Optional confirmatory investigations (biopsy or any other imaging modality not already performed) can be performed at the discretion of the treating clinician. Using these results, the referring physician records the final extent of clinical disease and the final management plan, based on all available information.

Reporting imaging specialists have unrestricted access to clinical and radiological data available up to the time of the scan as per usual clinical practice, and the clinical report produced by the readers are transmitted to the referring physician. Therefore, the trial design reflects, as closely as possible, usual clinical practice.

Upon completion of the diagnostic phases and after the final management plan is implemented, follow-up is performed using the standard surveillance protocols pertinent to the disease in question.

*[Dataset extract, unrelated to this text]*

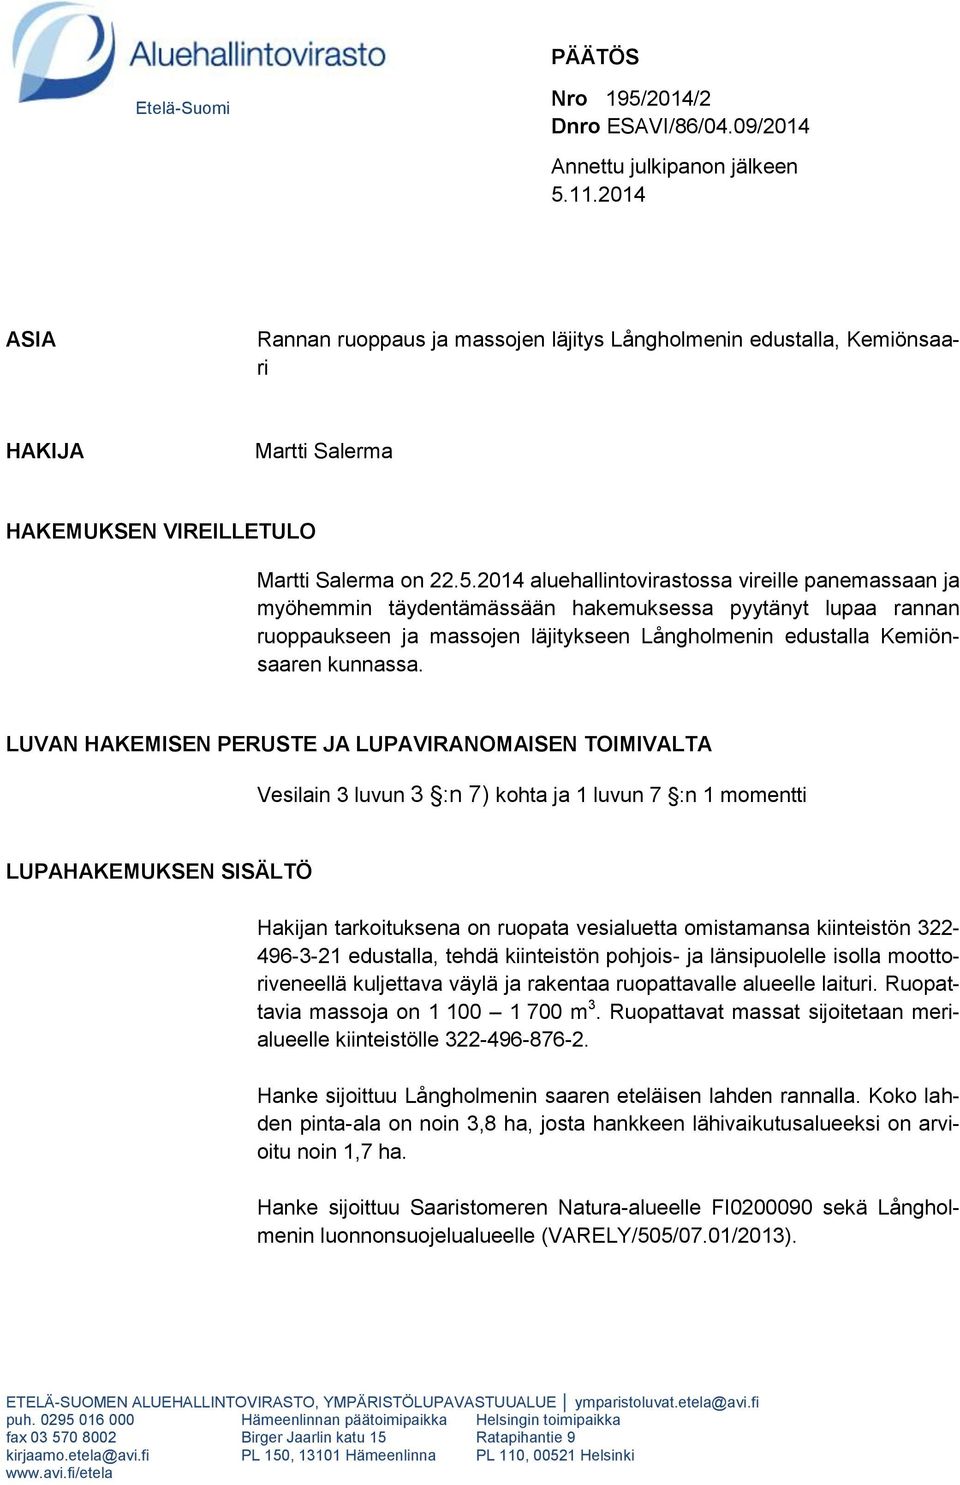 2014 aluehallintovirastossa vireille panemassaan ja myöhemmin täydentämässään hakemuksessa pyytänyt lupaa rannan ruoppaukseen ja massojen läjitykseen Långholmenin edustalla Kemiönsaaren kunnassa.
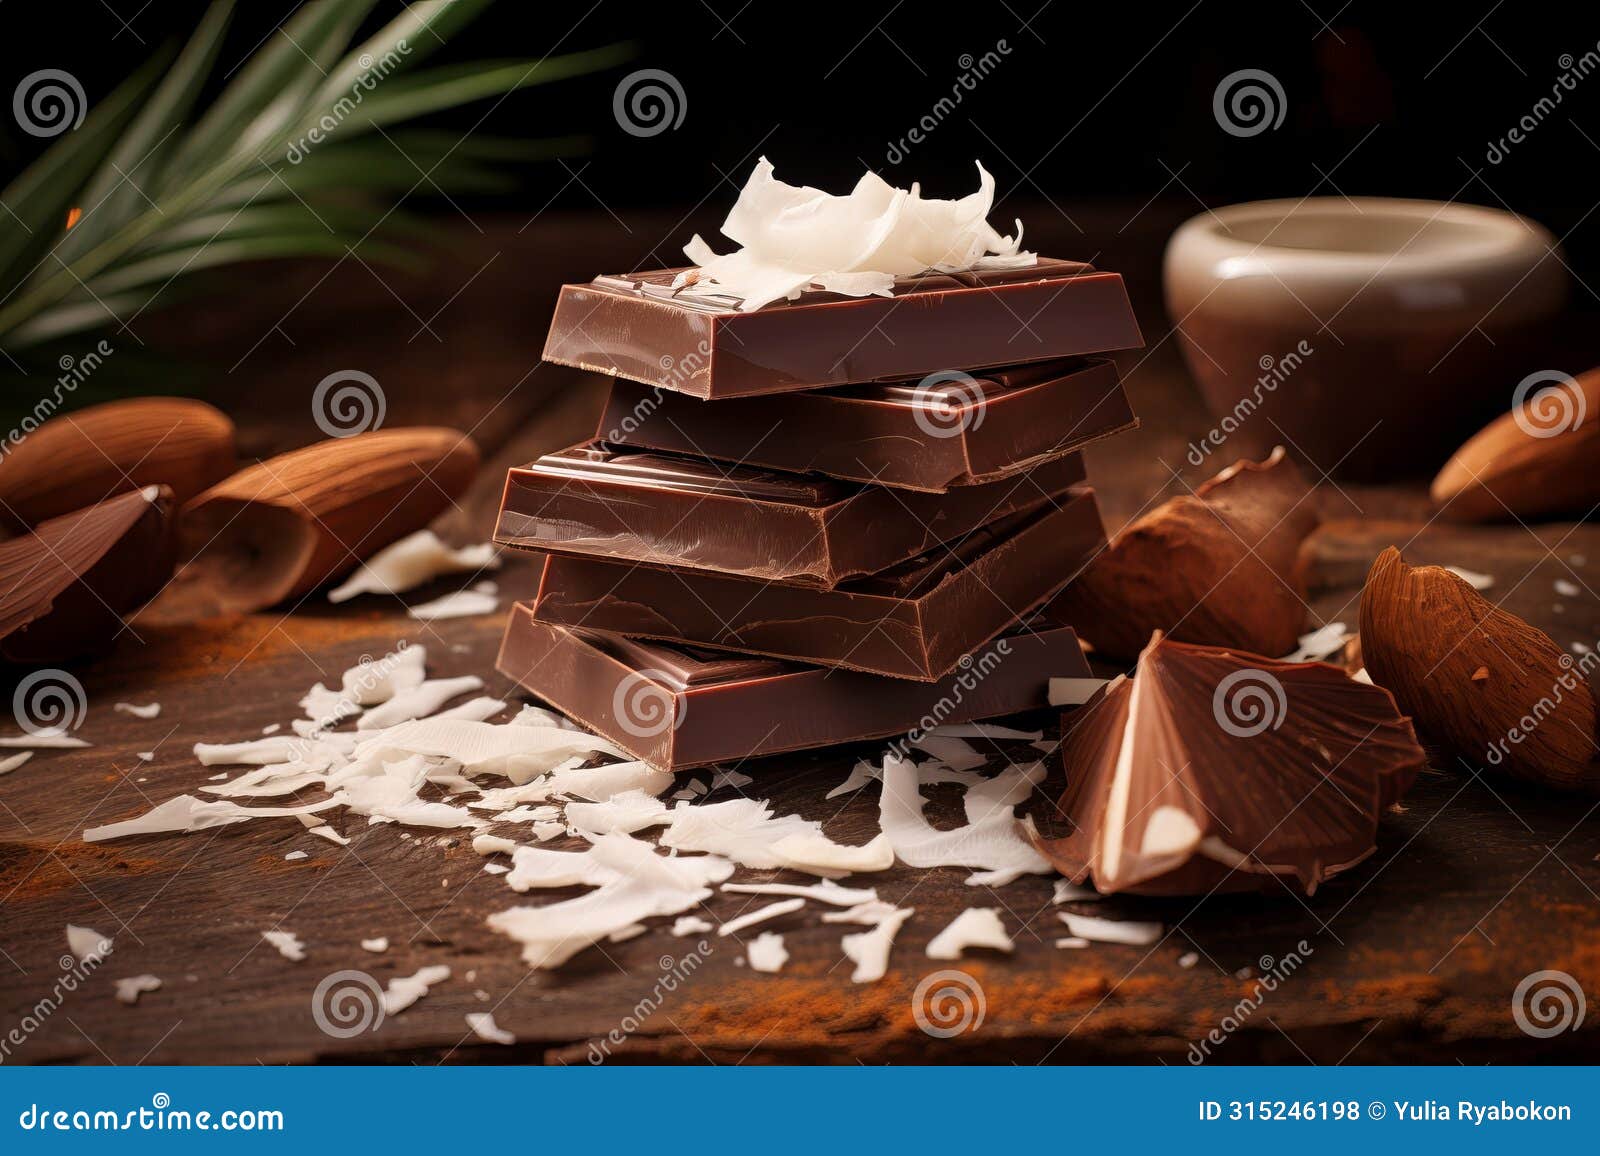 indulgent milk chocolate coconut. generate ai

The primary end point of such studies is the independent utility of each first-line imaging paradigm. This is defined as the proportion of participants who, following a second-line work-up, do not require any change to be made to the management plan that was initially formulated. The secondary end point is the incremental utility, which is defined as the proportion of participants who receive the second-line imaging modality when the first-line imaging is negative or equivocal for distant metastasis, leading to a change in the management plan formulated following the first-line imaging. A “change in management plan” is defined as high when there is a change in treatment intent (between curative, palliative or expectant management) or treatment modality, or medium when there is a change in the delivery of a chosen treatment modality (e.g., a change in radiotherapy field). An important potential validation of the value of each test will be the ability of each first-line imaging technique to stratify overall survival.

This trial design also lends itself to many combinations of conventional staging and PET-based staging. For example, in the staging of locally advanced breast cancer, the combination of mammography, sentinel node biopsy, CT and bone scintigraphy could be compared with FDG PET/CT. For patients with symptoms of carcinoid syndrome and elevated chromogranin-A levels, triple-phase CT could be compared with 68Ga DOTA-octreotate PET/CT, and so on.

Furthermore, it is possible to build into such studies an assessment of patient satisfaction, efficiency and cost. A survey regarding the time taken to complete the staging tests, their comfort and convenience can be incorporated at each phase of investigation. The total cost of the staging strategy can be determined from the sum of the first-line work-up plus the cost of any mandated second-line work-up, and any optional validating procedures that are determined to be necessary by the treating clinician before arriving at a definitive treatment plan.

Conclusion

Although this may seem a radical, and some would say irresponsible, suggestion, there are cogent reasons to consider the proposition that patients deserve access to information regarding the most efficient and effective imaging paradigm whatever its cost. While challenging to health-funding authorities, there is a moral obligation to both patients and the community to assess dispassionately whether it may be less expensive in the long run to spend more on the initial phases of diagnosis and staging to ensure rational use of expensive and toxic therapies, especially if the results obtained in providing these treatments is improved by better selection and delivery.

Conflict of interest

The author has no conflicts of interest to declare.